Best of Adversarial ML Week 26 – Data Poisoning Won’t Save You From Facial Recognition

Adversarial ML admin July 6, 2021 203

The Adversa team makes for you a weekly selection of the best research in the field of artificial intelligence security

Data Poisoning Won’t Save You From Facial Recognition

Facial recognition systems can be considered a threat to individual privacy. You ask why? Various companies can collect your pictures, train facial recognition systems, and make them publicly available. All the pictures they get would provide data of each individual and let them use it for their own purposes.

Data poisoning is an effective attack against machine learning. It involves polluting a machine learning model’s training data. Besides, it is proposed as a compelling defense against facial recognition models, which were trained on Web-scraped images.
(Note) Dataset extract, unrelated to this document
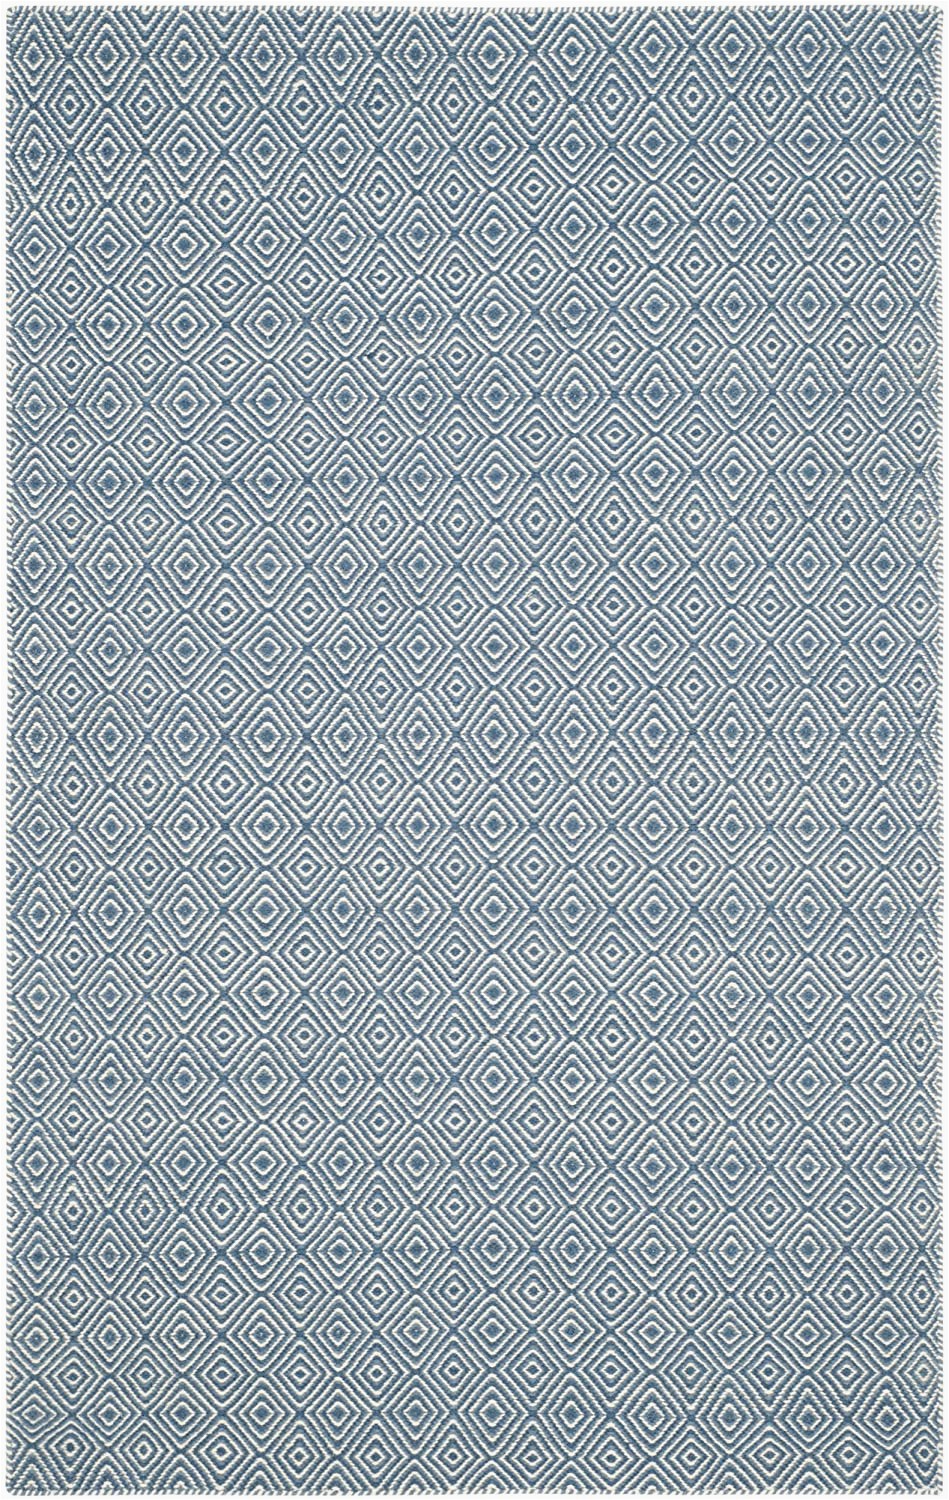 Safavieh Blue Wool Rug Safavieh Oasis Collection Oas525b Flat Weave Blue and Ivory Wool area Rug 9 X 12

This paper in the field of poisoning attacks demonstrates that it’s not so effective to perturb your social profile images with different adversarial noises to avoid face recognition systems in the future. In other words, this strategy provides a false sense of security.

Researchers Evani Radiya-Dixit and Florian Tramèr evaluate Fawkes and LowKey, the two systems for poisoning attacks against facial recognition. With this, they demonstrate how an “oblivious” model trainer can wait for further developments in computer vision to negate the protection of existing pictures. Thus, an adversary can train a robust model that resists the perturbations and detect poisoned pictures, which have been uploaded online.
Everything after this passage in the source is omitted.